El primer recuerdo de estar tirado en el piso de una librería debe ser de cuando tenía seis o siete años y pasaba largos ratos leyendo historias para chicos donde el lector debía ayudar a una pareja de detectives a resolver casos policiales. Años después, en épocas del colegio secundario, frecuenté las librerías de saldo de la calle Corrientes, donde antes y después de la crisis de 2001 compré al menos un cuarto de mi biblioteca actual.
"Por alguna razón este simple y maravilloso artefacto de papel y cartón conserva un halo de respetabilidad (no siempre justificada, por supuesto) en pleno siglo XXI"
Con el tiempo fui dibujando mi mapa de librerías personales (un secreto compartido con otros pocos, a quienes me cruzaba cada tanto revisando los mismos anaqueles) donde por precios módicos podían hallarse verdaderas joyas: una de la Avenida de Mayo, otra en la calle Sarmiento, una que también vendía discos sobre Rodriguez Peña, otra en la avenida Díaz Vélez, una que aún sigue abierta en la calle Pampa, cerca de Cabildo. Aún hoy sigo visitando unas pocas librerías de primeras ediciones y libros raros, como la de un gran conversador, dentro de una galería a pasos de la Parroquia de la Inmaculada Concepción. Tengo un amigo, del que nadie conoce su verdadera identidad, que compra y vende libros con extrema pericia y me consigue ejemplares que ni yo sabía que quería tener.
Hay películas con y sobre librerías. Hubo una serie, Portlandia, que tenía un sketch genial sobre una librería feminista. Hay muchos libros: se podría armar una biblioteca entera con las novelas donde las librerías son protagonistas. Hay libros de memorias de libreros, como los de Sylvia Beach y Héctor Yánover, y de crónicas y relatos como los de Luis Mey y Patricio Rago. Está el ensayo de Jorge Carrión, Librerías, y hubo una larga serie de escritores que también fueron libreros, como Mario Levrero, Luis Gusmán o Guillermo Piro.
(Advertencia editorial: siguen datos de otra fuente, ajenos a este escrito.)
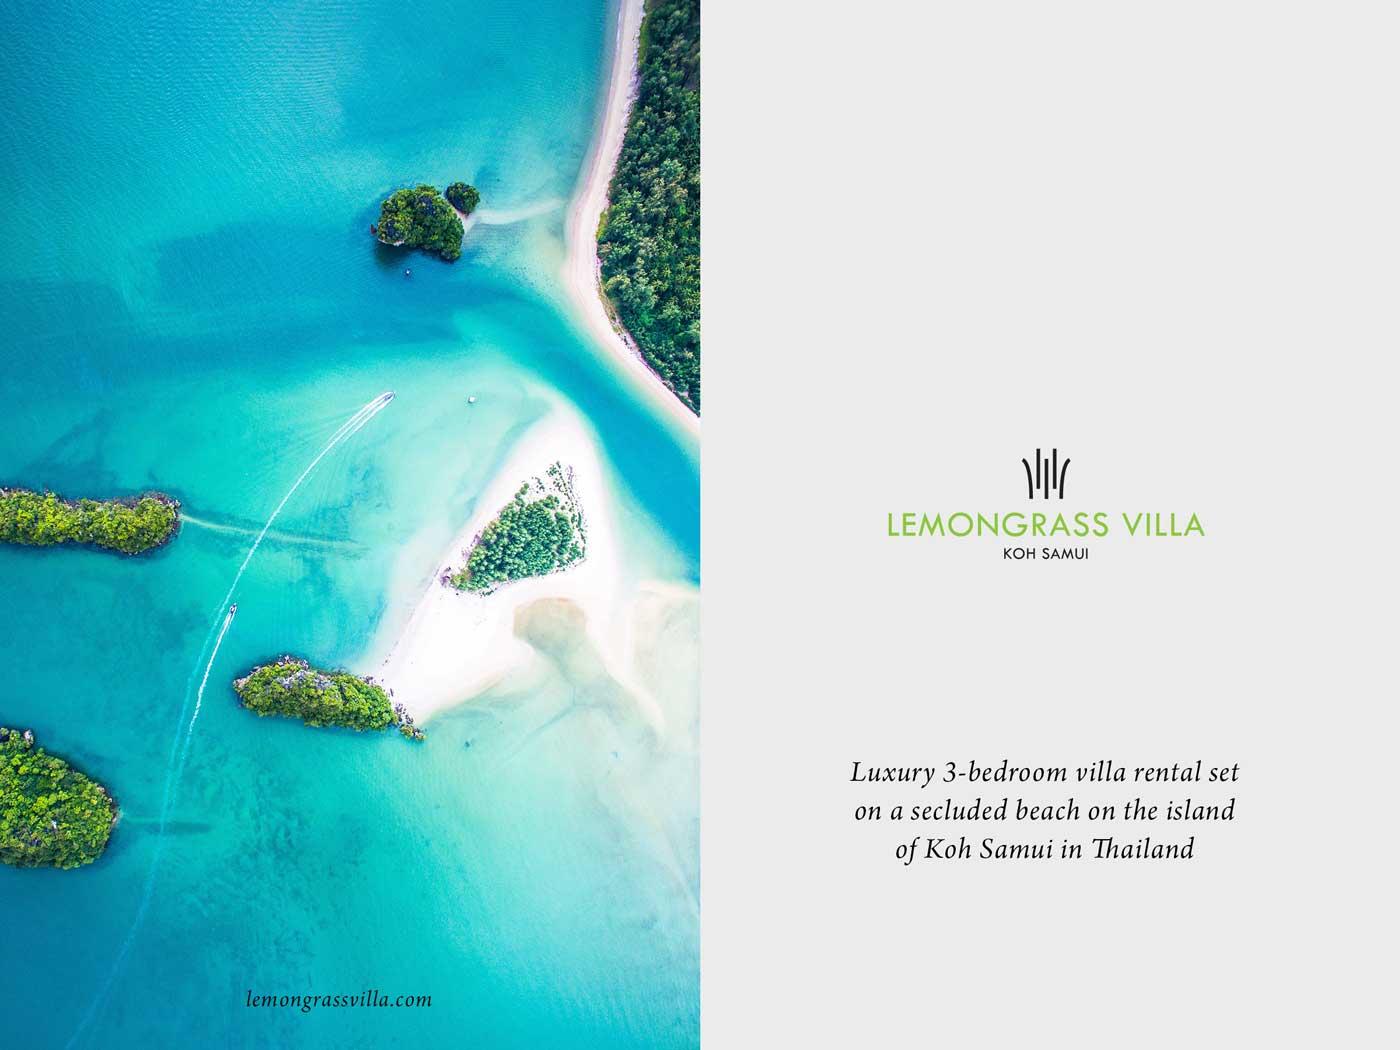 Lemongrassvilla-Koh-Samui-Campaign-June-2017.jpg

”Siempre imaginé que el paraíso sería algún tipo de biblioteca”, dijo Jorge Luis Borges. ¿Pero qué hay de las librerías? ¿Son también una especie de edén personal? Tal vez no todas. Las hay también aberrantes y grotescas, como salidas de un tríptico de El Bosco. Existen bibliotecas públicas y privadas, pero las librerías (aún las secretas) son, por definición, un espacio abierto al otro. Si una biblioteca es algo que cambia muy lentamente, con la adquisición de cada nuevo libro, una librería es un organismo vivo y en permanente crecimiento. Ahora que me toca, a mis 47 años, tener una librería propia, la sueño como una enredadera, que crece y se derrama todos los meses, con decenas de nuevos títulos, a la que hay que ir podando y dando forma.
Las librerías son, también, un espacio que conserva cierto aura, al menos en la imaginación colectiva: con un discreto aviso en redes sociales en busca de libreros recibimos decenas de solicitudes, todas unidas por la pasión por los libros. Por alguna razón este simple y maravilloso artefacto de papel y cartón conserva un halo de respetabilidad (no siempre justificada, por supuesto) en pleno siglo XXI. Mentiría si dijera que en estos tiempos en que el saber y la duda pierden la batalla cotidiana frente a las certezas de bolsillo y las opiniones contundentes, no me dio cierta felicidad comprobar que los libros y las librerías siguen siendo, para muchos, una tabla a la que aferrarse en un océano de ruido y banalidad.